When Unlearning Backfires: Partial Unlearning Increases PII Regurgitation and enables data extraction in Meta’s Llama 3.2 1B

ICLR 2026 Conference Submission8845 Authors

17 Sept 2025 (modified: 08 Oct 2025)ICLR 2026 Conference SubmissionEveryoneRevisionsBibTeXCC BY 4.0
Keywords: LLM Unlearning
TL;DR: Partial unlearning on LLaMA 3.2 1B suppresses the targeted Harry Potter content but increases PII regurgitation under related prompts, revealing a new safety risk that calls for PII-focused evaluations and stronger upstream data hygiene.
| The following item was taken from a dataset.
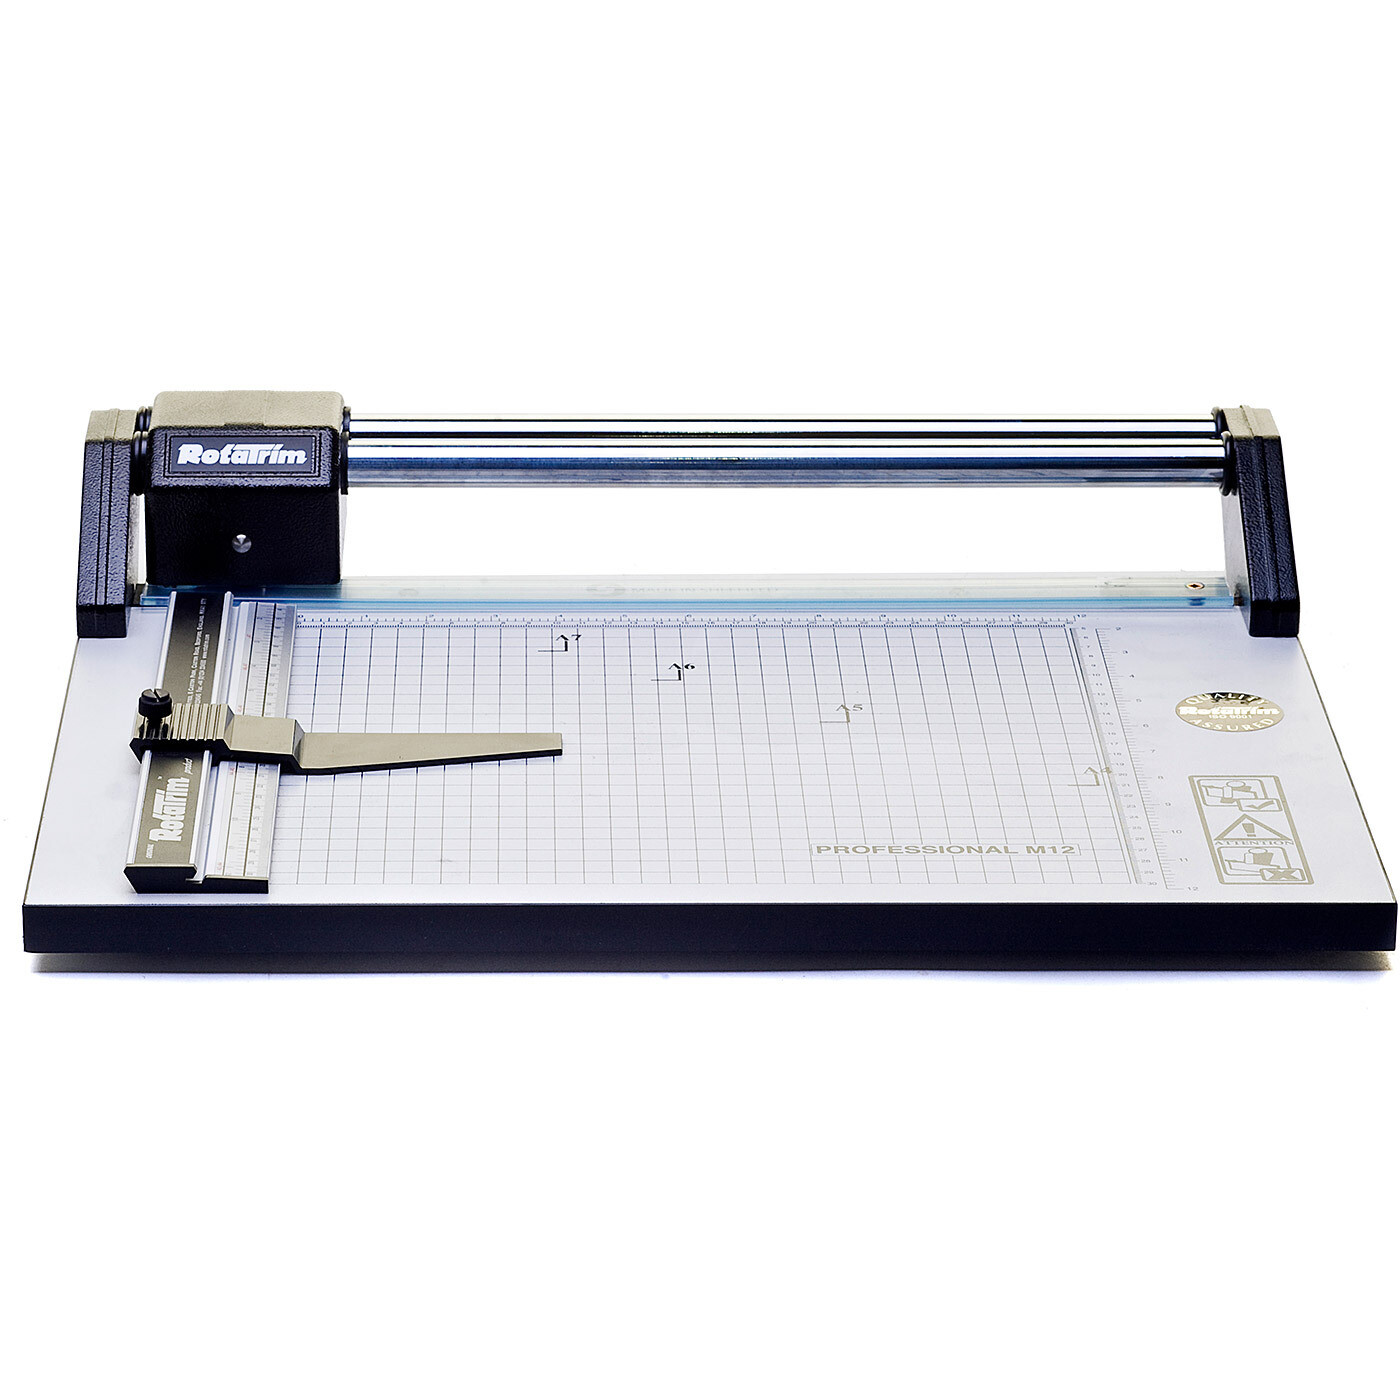 Rotatrim M20 Pro Series 20 Paper Cutter / Rotary Trimmer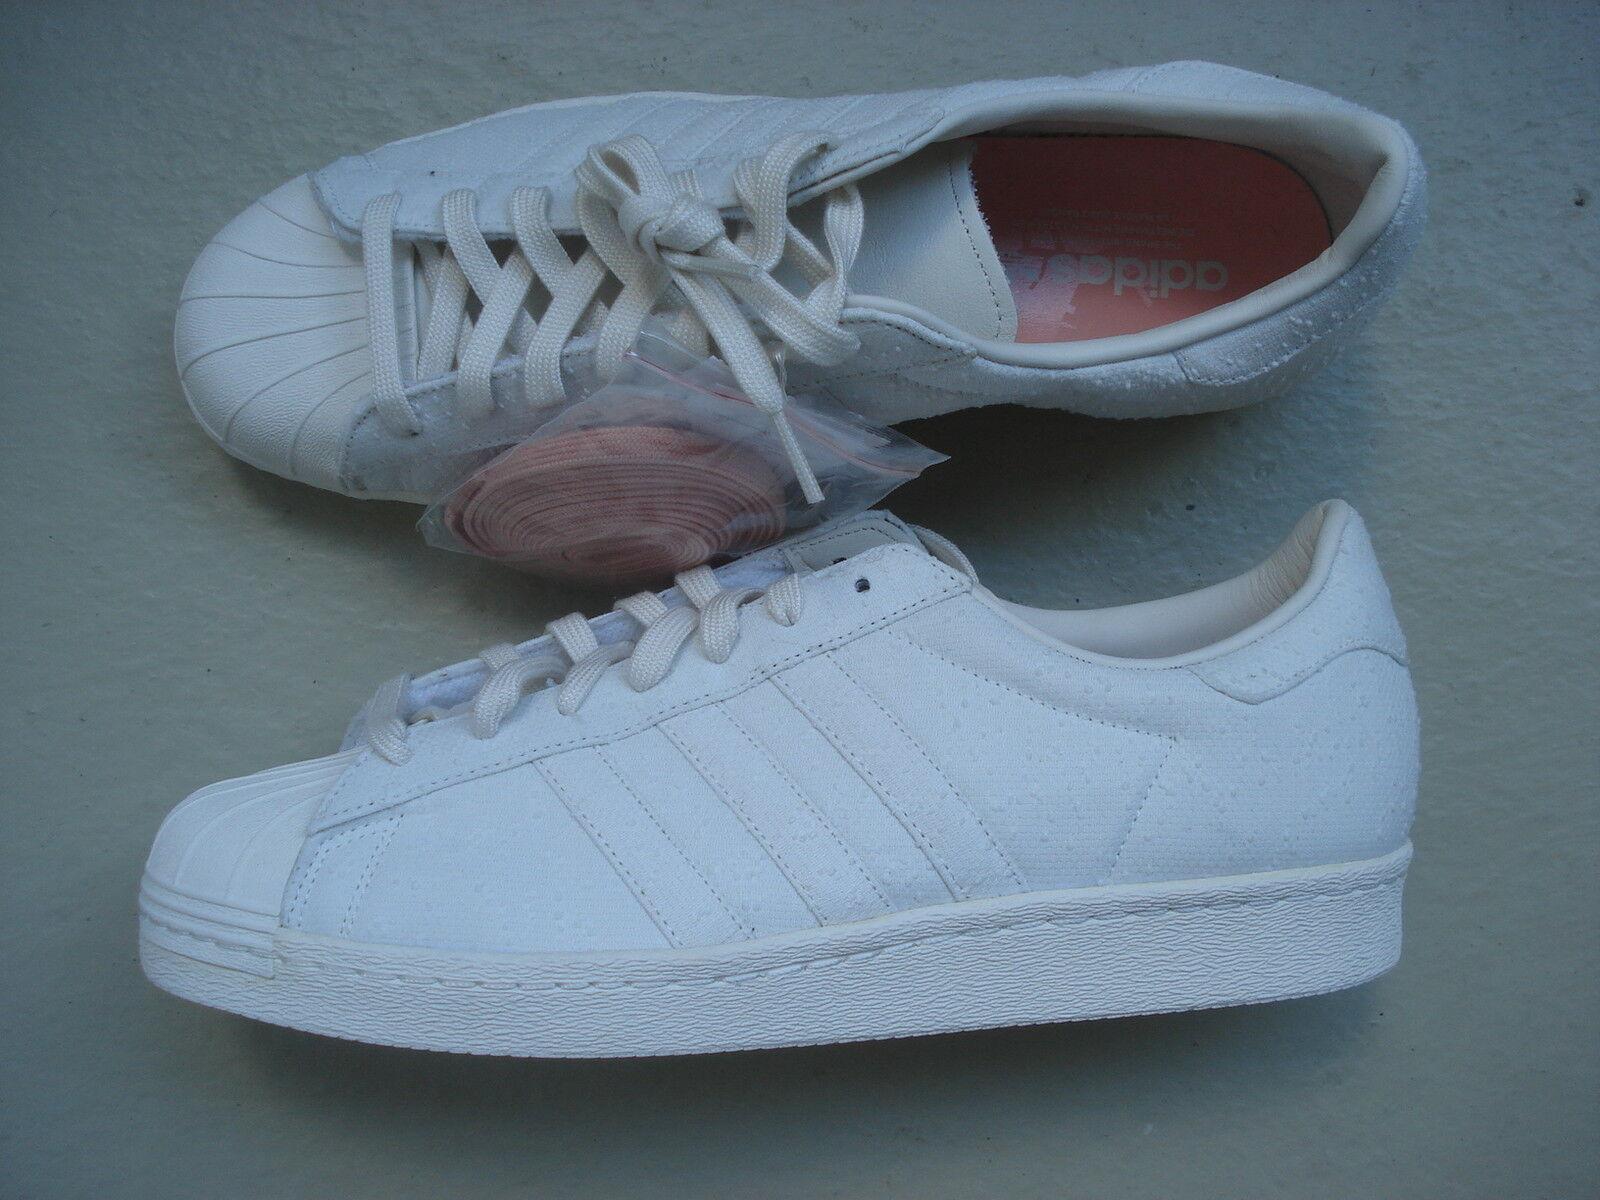 zapatillasnstuff x adidas Superstar 80s 45 1 3  Shades of blanco  Pack WHT duspnk

Abstract: We study partial unlearning—selectively removing only a subset of a knowledge source—and its safety side effects in LLaMA 3.2 1B. Using a targeted pipeline that unlearns the seven Harry Potter novels while retaining related web content, we find that standard unlearning metrics improve (explicit references drop with minimal utility loss) yet unintended memorization risks worsen: the unlearned model more often regurgitates training snippets containing PII, and this effect amplifies when red-teaming. The result exposes a failure mode where steering away from the removed source shifts the model toward memorized remnants in adjacent data. We argue evaluations of unlearning should include PII-regurgitation stress tests, and that safeguards must prioritize upstream data hygiene, especially for open-source releases. Our findings underscore that an alignment mechanism like unlearning may have unintended side-effects and that there is a need for more rigorous AI safety evaluations.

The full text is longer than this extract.